M. H. Donnelly bought 341–353 Main Street, next to the "Brick Store". John Morris and sons razed the old Rochdale store. Construction began in late April on the 30x75 foot building. George Milnes superintended construction for Mr. Donnelly and his brother John. It included both the saloon and offices above the bar. The grand opening was held on September 6, 1902.

The late hours kept by the saloon have averted at least one fire. Mr. Donnelly was the first to call in a fire alarm in October 1905 on an adjoining building – which was saved.

The San Francisco Earthquake of 1906 heavily damaged the Palace plaster and windows as well as breaking the stock of liquor bottles.

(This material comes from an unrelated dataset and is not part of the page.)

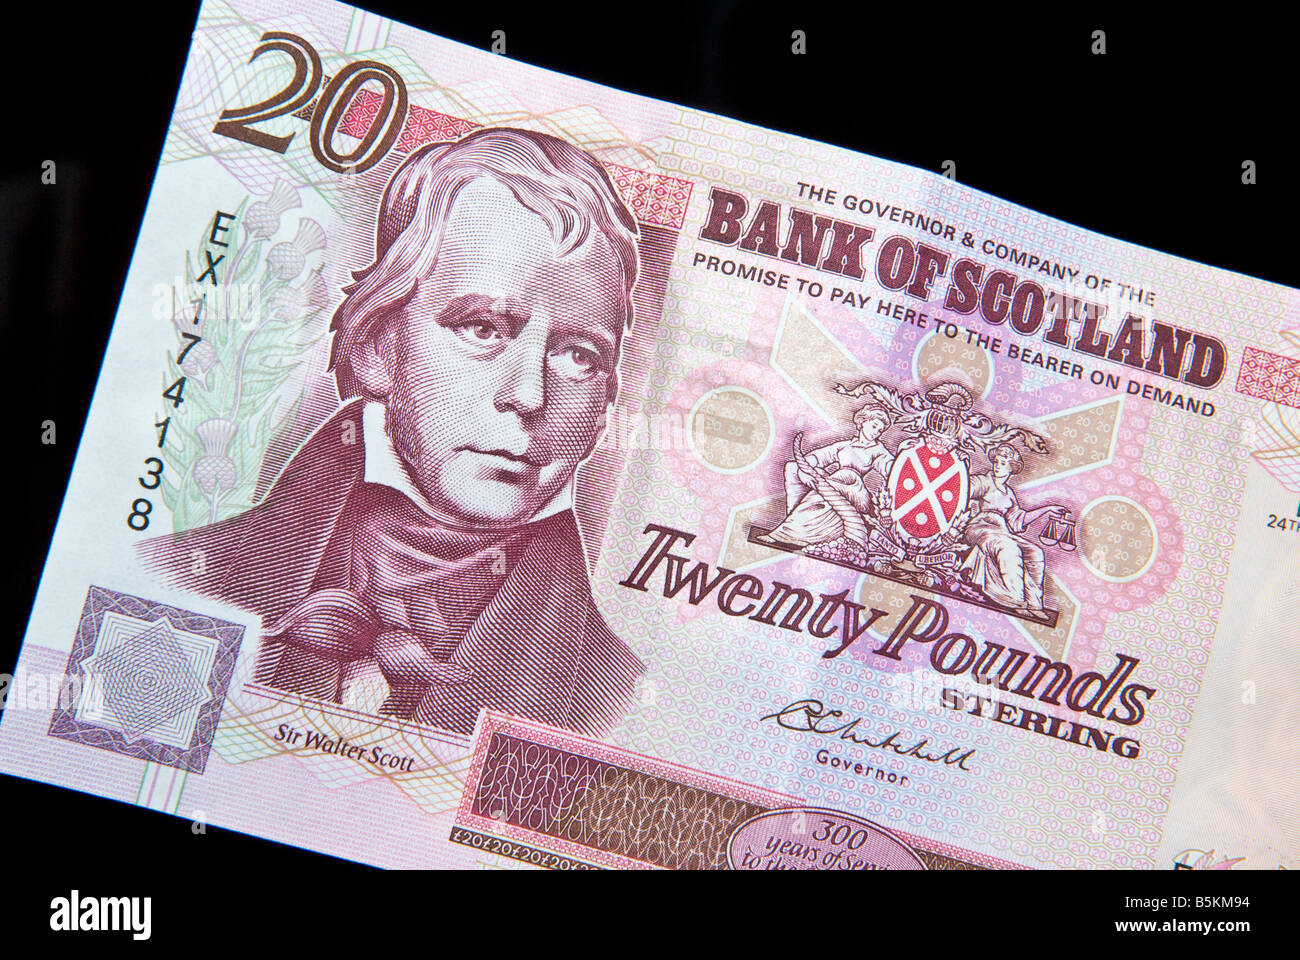 Bank of Scotland £20 pound note (front) Stock Photo

In 1909 gas lighting was installed in the building. In 1917 M. H. Donnelly sold the Palace to his partner Mike Matteri and retired. In 1929, the building was sold again, now described as a "billiard parlor and soft-drink emporium of Bravo and Arnibaldi".

The upstairs offices were rented to dentists, club rooms, a billiard club, attorney-at-law, stenographer, dressmaker, millinery, justice of the peace office, collection agency and medical doctors as well as residential apartments since 1902.

In 1960, the building was operated as both a saloon and a liquor store.

The building was damaged by the 1992 Cape Mendocino earthquakes. It was at that time the short modern windows were installed downstairs.

By 1992 the building was covered in asbestos shingles which were removed after a 2007 fire and the building restored to original condition except for the short, modern windows above the lower siding and the modern door.

The building was purchased by the owners of the Ivanhoe hotel in 2016 changing nothing inside. Two pool tables, a full sized shuffleboard and the original 40-foot bar are still in place in the building.

There is a plaque on the building which says it is the "furthest western bar in the conterminous United States."

==Architectural elements==
The first floor has been modified, but the second floor retains the twin rectangular bay windows, on which the trim has been restored in 2008 to the original appearance. The bays are topped by mansard roofs which are shingled and have box cornices with dentils and brackets as well as a parapet wall. Behind the false-front the roof is pitched and has skylights. Much of the original ornate woodwork survives.